China responsabiliza EUA por tensões entre os dois países

PEQUIM - Os EUA são os responsáveis pelas recentes tensões entre Pequim e Washington e devem tomar a iniciativa para reparar as relações entre os dois países, disse neste domingo o premiê chinês Wen Jiabao, indicando que as duas potências ainda não superaram as últimas desavenças.

Reuters |

Wen afirmou que as ações dos EUA, incluindo a visita a Washington do líder tibetano, Dalai Lama, e a venda de armas para Taiwan violaram a soberania e a integridade territorial da China.

AFP
Fotos mostram premiê chinês gesticulando durante coletiva em Pequim

Fotos mostram premiê chinês gesticulando durante coletiva em Pequim

"A responsabilidade pelos problemas nas relações entre os EUA e a China não é do lado chinês, mas do americano," declarou Wen, durante entrevista a jornalistas, após evento parlamentar na China.

A China considera Taiwan sua província, a ser unificada pela força se necessário, e acusa o Dalai Lama de separatismo. Pequim e Washington também tiveram diferenças recentes por conta de comércio, câmbio e do controle chinês sobre a internet.

O premiê Wen não respondeu diretamente às perguntas sobre a ameaça do gigante Google de deixar a China por causa de censura.

Ele também não falou sobre os empregados da mineradora Rio Tinto que enfrentam processo no país por causa de corrupção.

O encontro com jornalistas após o evento parlamentar anual é uma oportunidade para Pequim estabelecer o tom de suas políticas.

Wen pressionou para que os países desenvolvidos flexibilizem os controles sobre exportação de alta tecnologia para a China e defendeu o iuan ancorado no dólar como um fator para a estabilidade global.

Nesta semana, o presidente dos EUA, Barack Obama, havia defendido uma taxa de câmbio "mais orientada pelo mercado" na China.
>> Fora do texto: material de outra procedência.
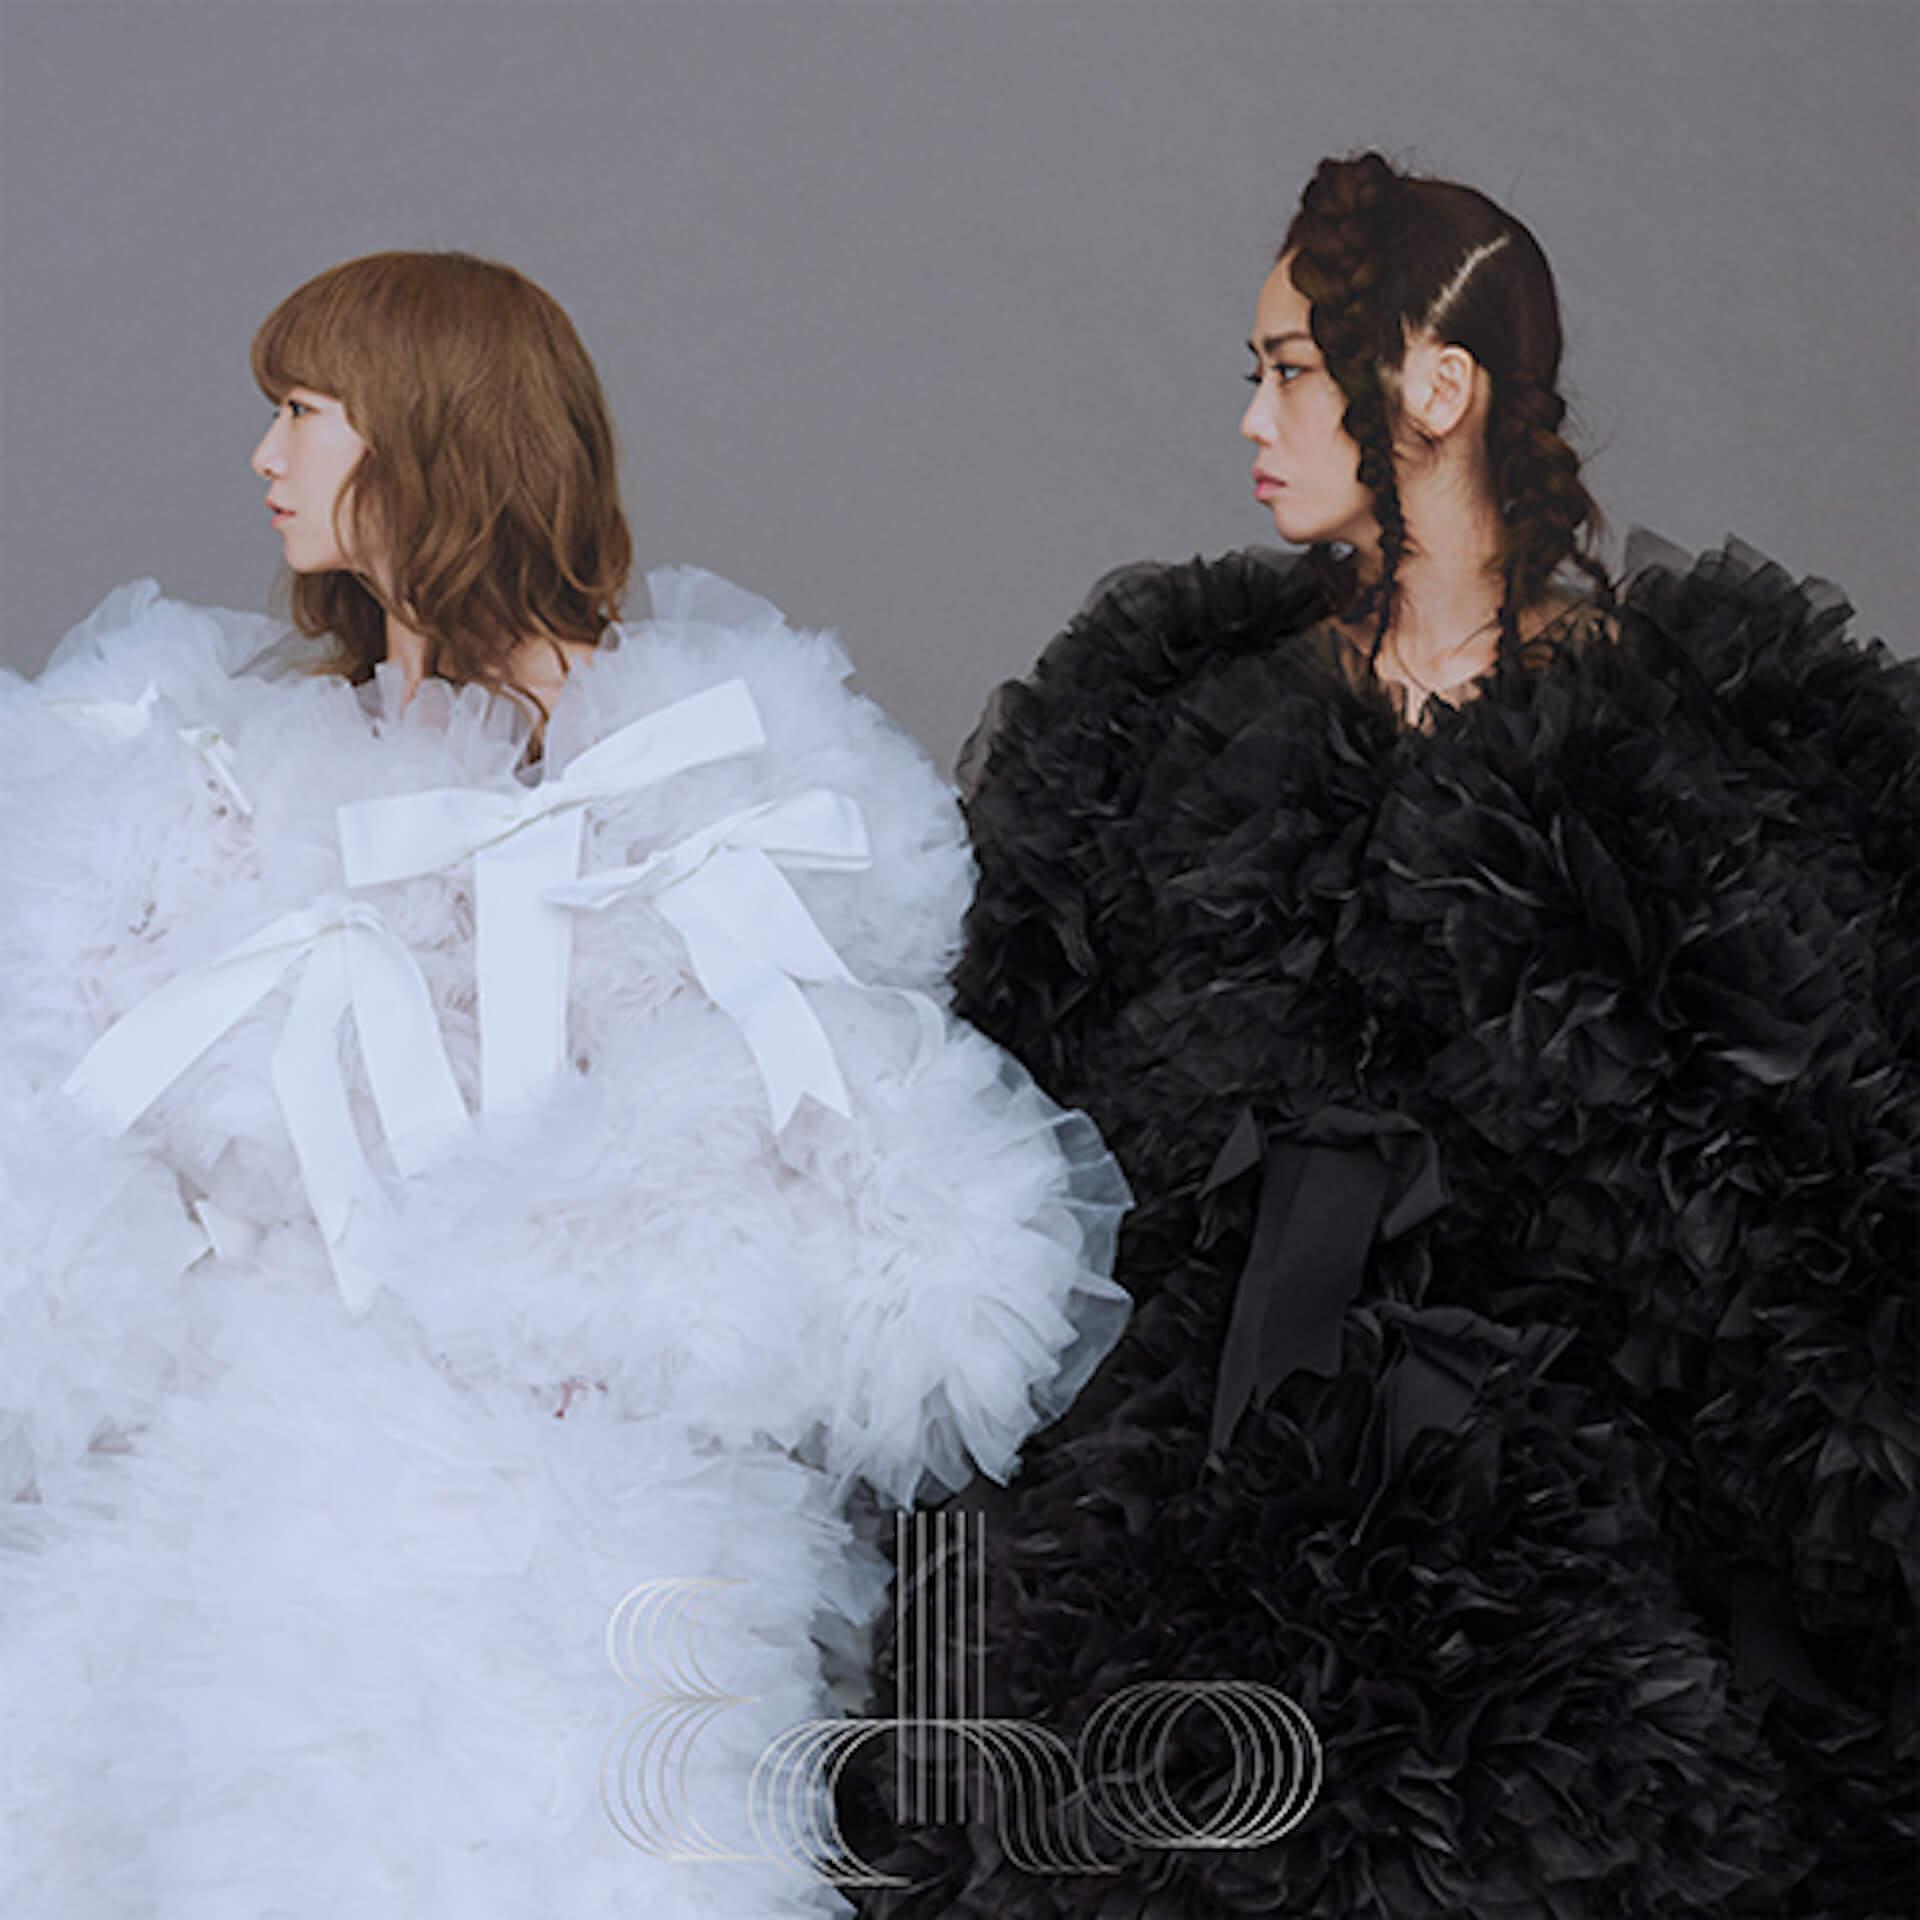 Chara+YUKI、本日リリースのシングル「楽しい蹴伸び」のMVを公開 MV共演は21年ぶり music200131_charayuki_1

Essas pressões, segundo Wen, não são produtivas.

O controle do Partido Comunista Chinês sobre dissidentes e oposição política também tem sido um tema controverso. Na sua pesquisa anual sobre direitos humanos em 194 países, o Departamento de Estado dos EUA afirmou que a China intensificou os esforços para suprimir informação da Internet.